Let me give you an example. One of our customers is a major professional sports team in the United States – one of the oldest and most storied franchises in the country. They have delivered a SharePoint “headed” experience on the Akumina platform for their global corporate intranet. They have thousands of users operating around the globe and needed a platform that could deliver a next-gen digital workplace solution for them targeted at increasing productivity of the organization. For this experience, the headed SharePoint experience works great. They leverage the Akumina presentation framework on top of the SharePoint runtime experience and have created a personalized, targeted and adaptive experience for their users. Additionally, they have all of their content (almost all of their content) in Office 365 across about 12 workloads (e.g. Exchange, SharePoint, Stream, Yammer etc.).

But what happens if they want to use all that same content (or create new content without a new backend system) and they want to start targeting external audiences – Think: season ticket holders or vendors they work with or partners they do business with. If we roll with the season ticket holder example – you are actually talking about a larger audience of season ticket holders than you have in full-time employees. It’s a big number. How do you create an experience for them that will 1) perform, 2) be visually appealing and engaging, 3) that will enable transactions on tickets and events connected to third party systems and 4) that is easy to create without re-inventing the entire tech stack – after all – they already own Office 365.

This is just one use case, but the answer is simple: dial up a headless experience. And with Akumina’s content management and page management capabilities – content creators and authors have a single place to go to create content with the power to deliver that content to either experience with the simple click of a button.

Is this content item relevant for our employees? Deliver it to the intranet.

is this content item relevant for our season ticket holders? Deliver it to the portal.

Is this content item relevant for both? Deliver it to both experiences with one click.
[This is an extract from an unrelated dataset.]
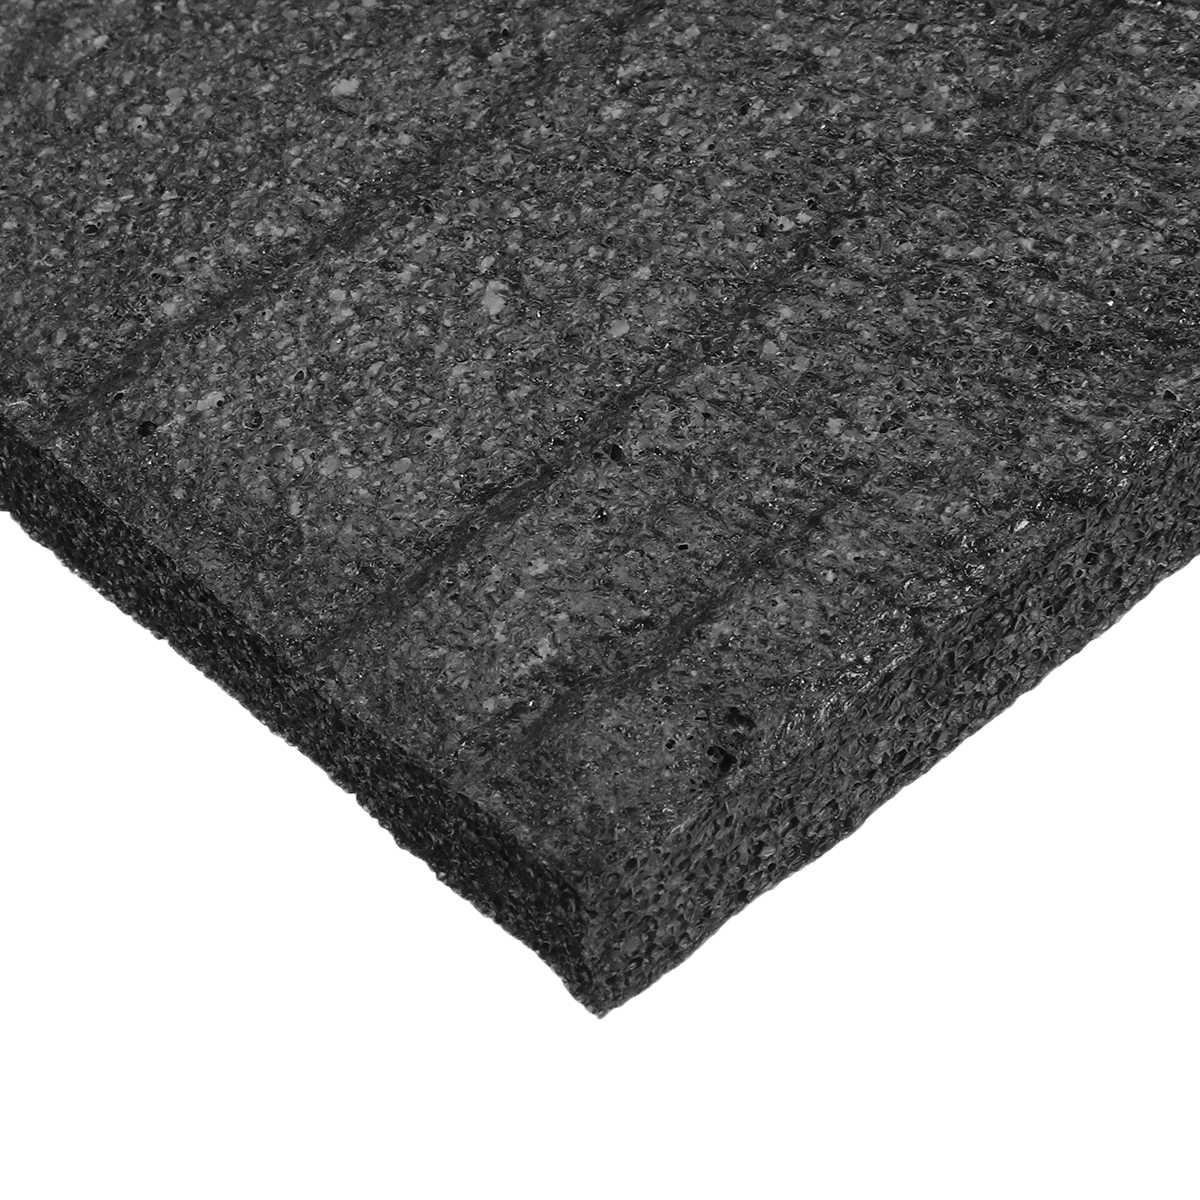 1roll 200cmx50cm 10mm 6mm 3mm Car Sound Proofing Deadening Car Truck Anti Noise Sound Insulation Cotton Heat Closed Cell Foam Sound Heat Insulation Cotton Aliexpress

The reality is that a headless CMS concept opens the doors for a new kind of page management and delivery layer. Akumina believes that a headless system is only the first step to a site or other application that lends maximum flexibility to those who are creating those compelling experiences (Queue Duckboats for the developers and designers!). The next step is a completely agnostic page building and management system. Such a system would have no dependency or restriction (or even understanding) of the underlying core system that is supporting it and/or providing it with its content and data. Such a system would allow for the creation of web based experiences, native mobile app experiences, digital display experiences and more – with absolutely no dictation from the underlying system of what is can or should be able to do.

This approach (revolutionary at best; superior alternative at worst) and thought process will allow developers to create true digital workplace and digital engagement experiences that will scale exponentially as more needs emerge from a customer, while putting the power in the hands of the “creators” to focus 100% on the experience they are creating and the audience they are creating it for with not a minute of having to worry about accommodating the backend system and all the baggage that it brings.